Dramma migranti, l’arcivescovo di Crotone: “Basta sfruttare la carne dei poveri”

 

“Questi eventi portano dentro di sé una serie di corresponsabilità che noi, come credenti, non possiamo trascurare”. L’arcivescovo di Crotone, monsignor Angelo Panzetta è stato il primo a varcare stamani la soglia della camera ardente nel Palamilone per rendere omaggio alle vittime del tragico naufragio al largo delle coste di Steccato di Cutro, dove hanno perso la vita 67 persone.

Monsignor Panzetta, a Vatican News parla di corresponsabilità per “il fatto di vivere in un mondo in cui la povertà costringe le persone a fuggire dai loro Paesi in un mondo in cui i diritti sono negati.
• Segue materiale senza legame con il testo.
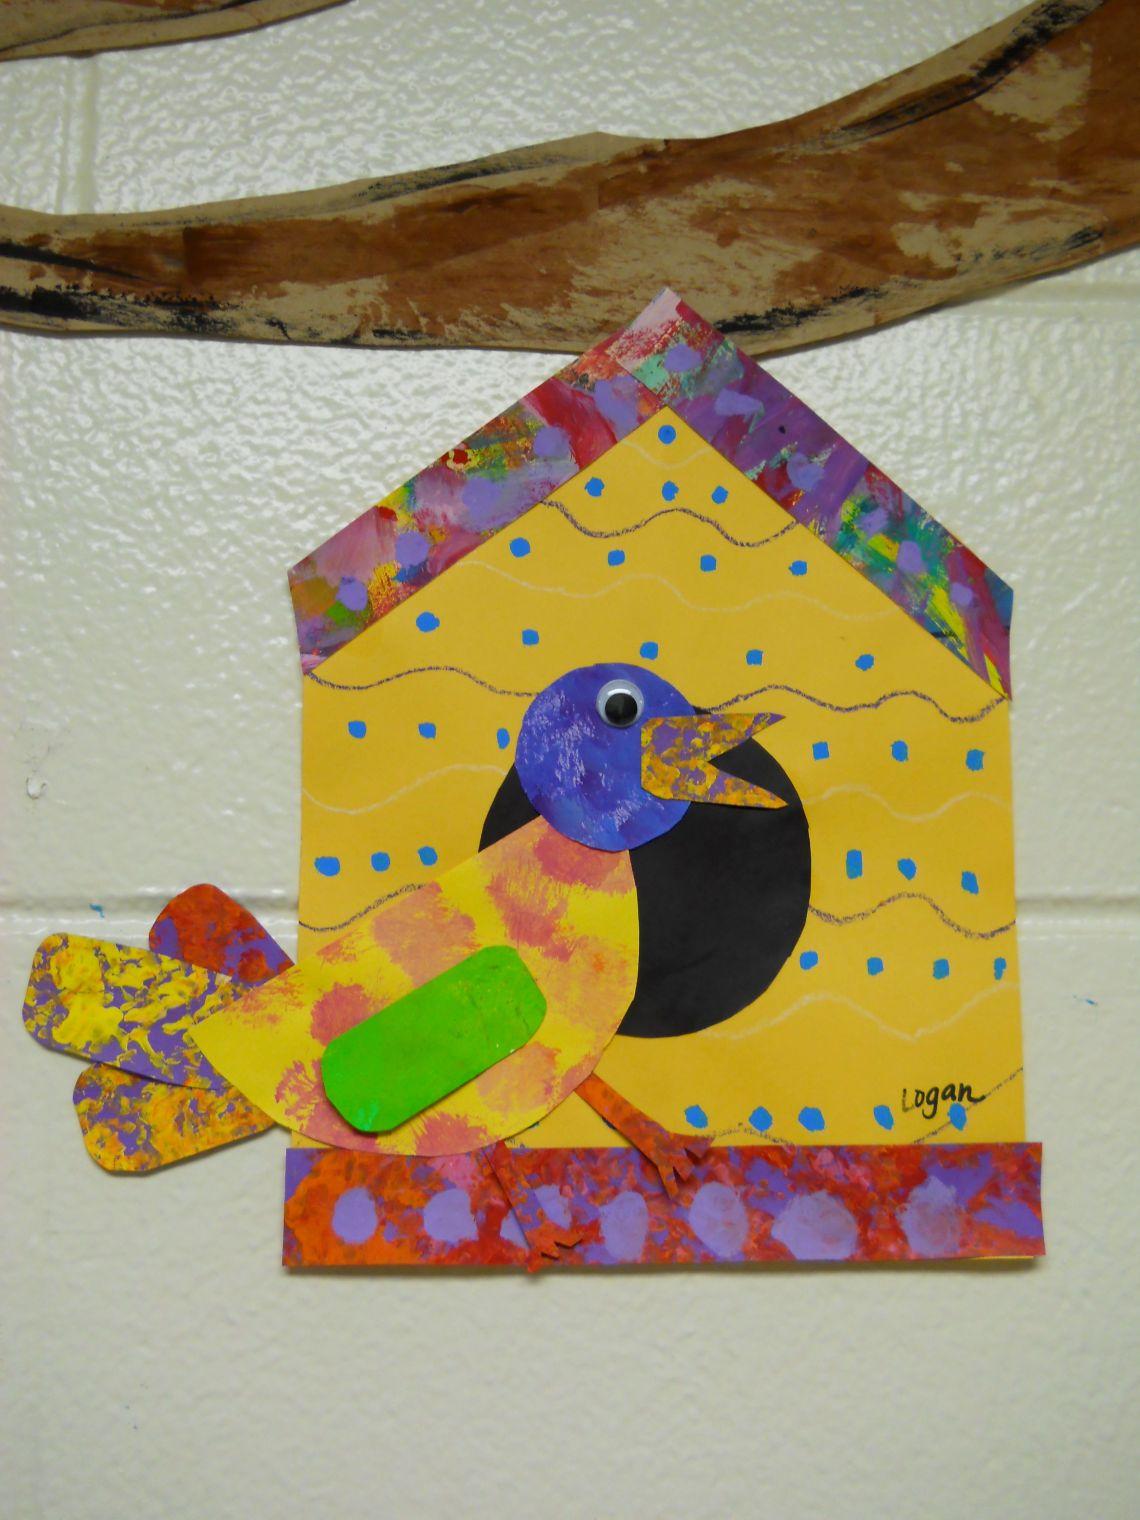 birds-of-a-feather_6909127779_o

Un mondo in cui ci sono persone che banchettano sulla carne dei poveri, è una cosa terribile!”.

“E anche – continua – la corresponsabilità di noi, mondo civile, che spesso abbiamo le porte chiuse davanti a queste persone che si dicono disperate. Io in realtà le considero portatori di speranza… La situazione è davvero drammatica, si dice che il Mediterraneo è un cimitero, rischia di diventare anche un cimitero della speranza e questo non può non avere conseguenze per tutti noi”.
il presule si è inginocchiato e ha pregato insieme a Mustafa Achik, imam della Moschea di Cutro. La maggior parte delle vittime era di fede musulmana. “Davanti al mistero della morte ci siamo uniti per invocare il Dio della vita”, dice l’arcivescovo.
“Quello che ho nel cuore è tanto dolore perché non si possono vedere tanti corpi allineati senza avere un profondo senso di empatia con le persone che hanno perso la vita, con quelli che sono superstiti. Vedo una profonda pietà umana, prima ancora che soprannaturale. Davanti al mistero della morte comprendiamo che la fraternità è quello che ci unisce, molto più di quello che ci divide”, aggiunge monsignor Panzetta.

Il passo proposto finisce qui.